The dataset includes three key fields:
- **score**: Represents the quality and relevance of the text content.
- **text**: The main content of the webpage, filtered for finance-related keywords.
- **url**: The source URL from which the text was extracted.
### Source and Reference
The original dataset, Fineweb-Edu-Fortified, was created from 95 Common Crawl datasets, covering web content from 2013 to 2024. This filtered version maintains its core educational purpose while refining the focus to finance-related materials.
The original dataset card is available [here](https://huggingface.co/datasets/airtrain-ai/fineweb-edu-fortified).

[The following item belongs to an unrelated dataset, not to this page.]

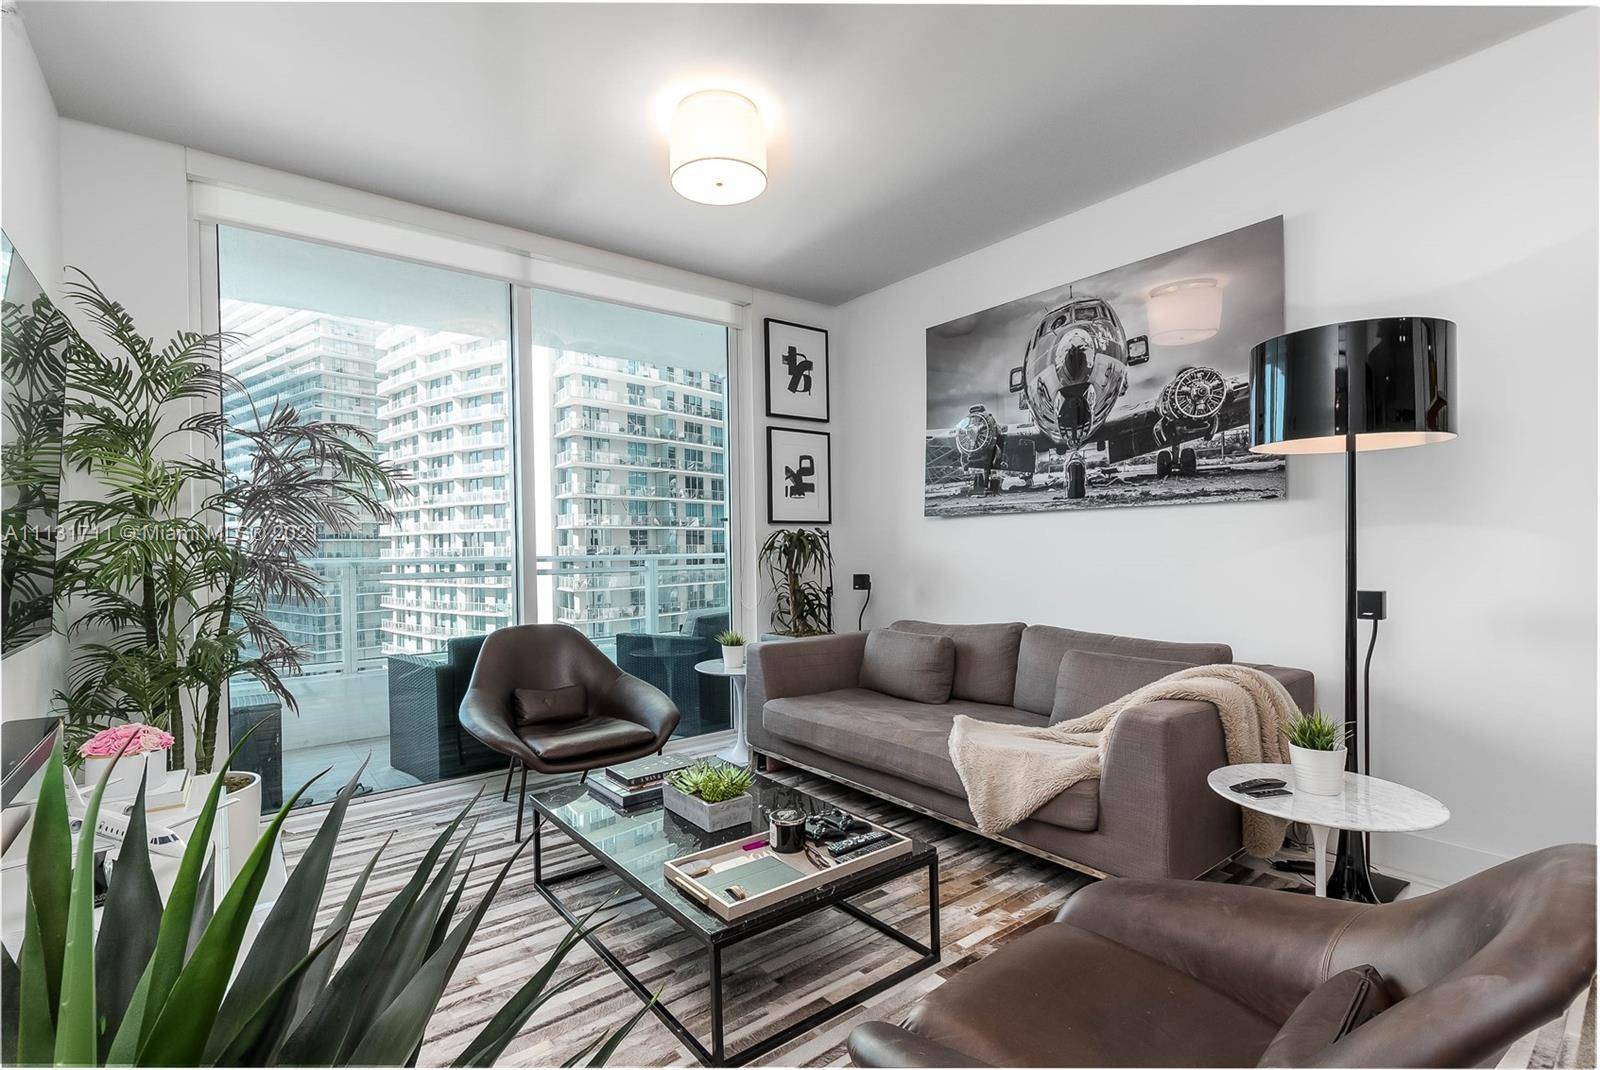 A beautiful one bedroom unit with city and sunset views to the West with 9 foot ceilings, floor to ceiling windows, and a private terrace.

## Supported Tasks and Use Cases
1. **Financial Model Fine-Tuning**
- Train smaller language models for finance-specific applications such as market analysis, economic research, and financial QA.
2. **Synthetic Dataset Creation**
- Generate question-answer pairs and financial problem-solving datasets using extracted content.
3. **Topic-Based Training**
- Focus on specialized finance-related training by grouping the dataset by subject.
4. **Model Healing**
- Fine-tune pruned models to restore or enhance knowledge in financial and economic domains.
## Dataset Structure
### Data Fields
- **score** (int): Quality score representing relevance to finance and economics.
- **text** (string): The main content of the webpage.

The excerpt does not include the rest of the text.